But then - when I hear the music - the previous recommendations will not matter to me a jot. It's whether I like the tune - the rhythm - the lyrics - the performer - the setting - or whatever that matters.


----------



## hpowders (Dec 23, 2013)

Lukecash12 said:


> And I accept their fear, the miserable peons. Yes, yes, I shall sit next to the fireplace in my robe today and plot my revenge ala Hannibal as I sip Chianti.


My name is hpowders and I love classical music. My little dog likes me. I am not the monster that Hollywood would have you believe. Okay, so I'm into Bartok, vampires and the Bela Lugosi connection, but that's late at night when the dog is asleep.


----------



## Nick Mourer (Aug 11, 2014)

trazom said:


> He is? His sonatas are showier, but Mozart was the pre-eminent keyboard improviser of his time and their pianistic duel was considered a tie. Unless playing more parallel thirds or sixths is what makes a great pianist, I think it's a bit more complicated than that.
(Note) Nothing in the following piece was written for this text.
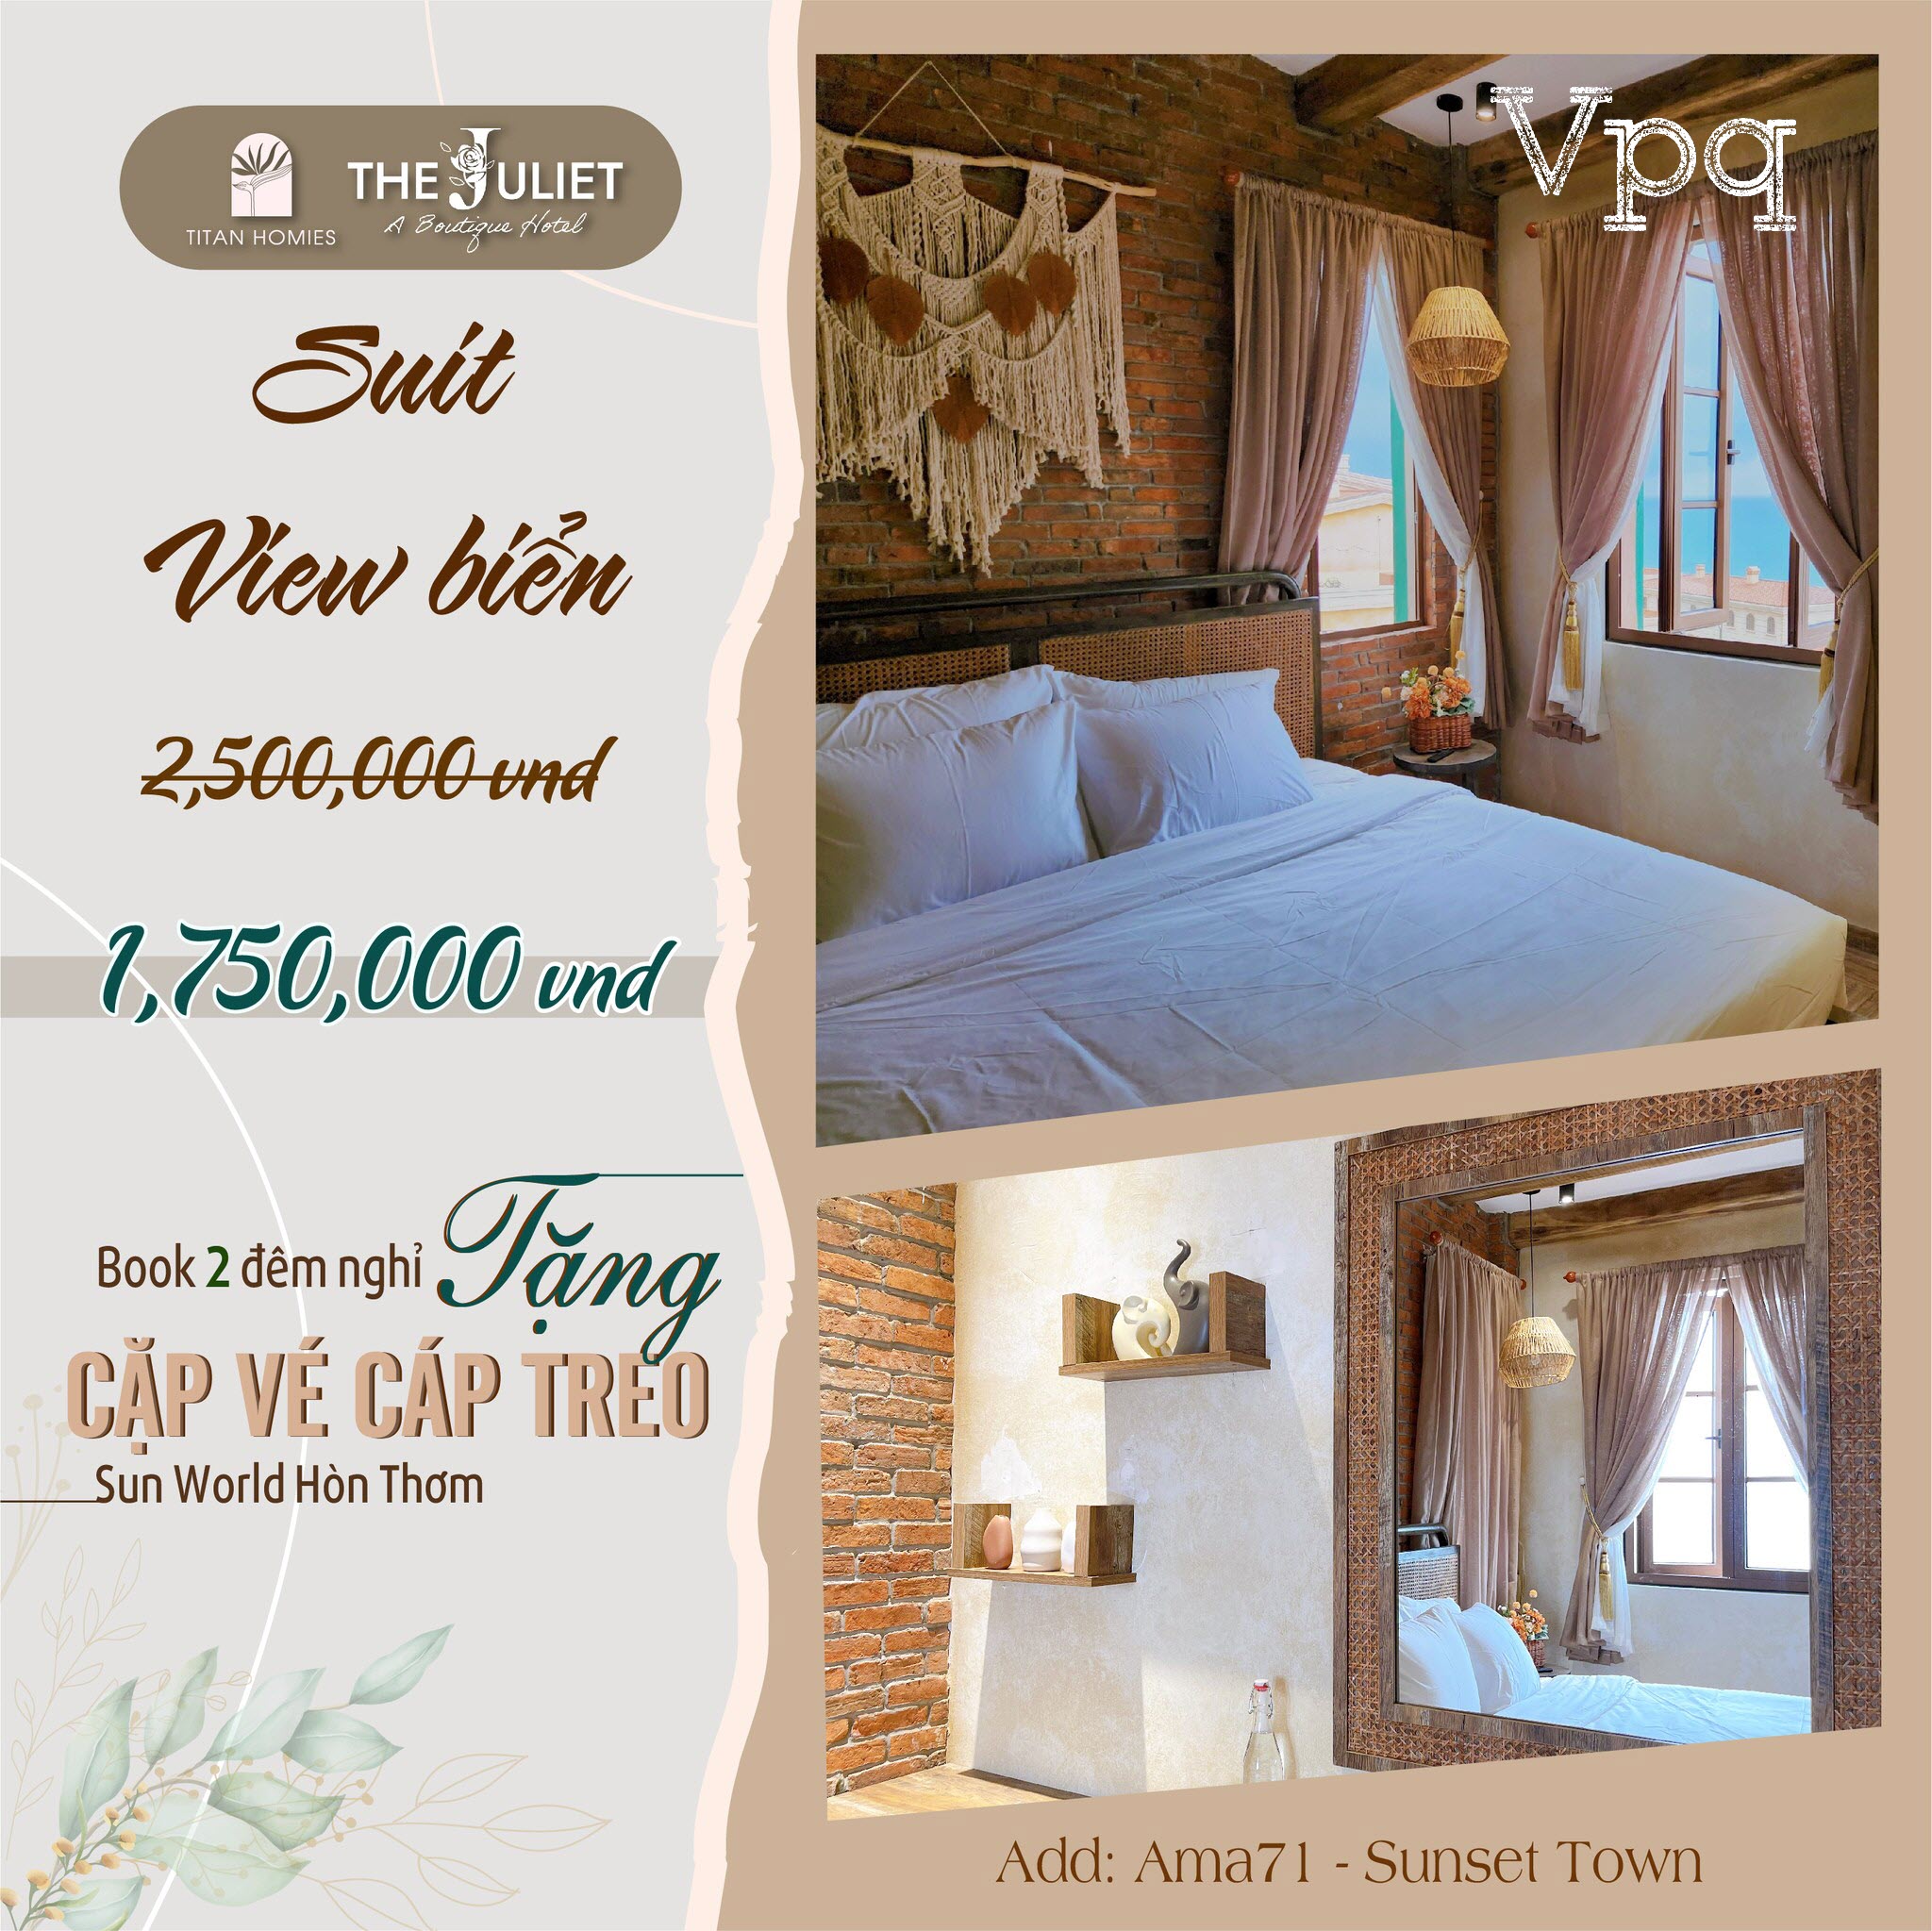 Suite View Biển

Well, all I know is, it's easier for me to learn a Mozart Sonata than a Clementi Sonata. And after the duel Mozart acted like a child, having nothing but poor things to say about Clementi, however, Clementi had nothing but good things to say of Mozart. If anybody were to have a "tie" called with Mozart and cause Mozart to act like that, then they were obviously a threat to him. Not to mention, it's written that Clementi improvized a cadenza on the Sonata (Which wasn't common) he played at the end. Back in those days, it was very common for keyboardists to be able to improvise in free-form. Many did, hell C.P.E Bach even wrote extensively about it in "An Essay on the True Art of Playing Keyboard." To say Mozart was the greatest improviser of the day, which makes him stand out as a pianist isn't really an accurate claim. Not to say he wasn't great, but it was very common. Also, much of Mozart's skill and the skill of his contemporaries are probably grayed throughout lore and legend.


----------



## DiesIraeCX (Jul 21, 2014)

trazom said:


> ... Mozart was the pre-eminent keyboard improviser of his time


Proof of this preeminence? It's a mightily strong word, preeminent: _To surpass all others_. If you try to argue that one composer is more preeminent on the keyboard than another(which I wouldn't) and have nothing to back it up but your own assertions, that it's self-evident(with no evidence) then it's just empty rhetoric. Right? Or is it proof enough that it's accepted by a large amount of people?


----------



## shangoyal (Sep 22, 2013)

I don't really know.

But when you ask of yourself during listening to something that "does it matter who the composer is or how famous he is?" and the answer from within is an immediate "NO!!", you know you are enjoying the music.


----------



## Blake (Nov 6, 2013)

Of course it matters. Otherwise, you'd have never of heard of any of them. Their popularity brought them this far.


----------



## Badinerie (May 3, 2008)

I dont understand why someone would need the approval of the music community at large before they admitted to enjoying a work by any given artist or composer. To me it seems to reek of an deeply seated insecurity complex.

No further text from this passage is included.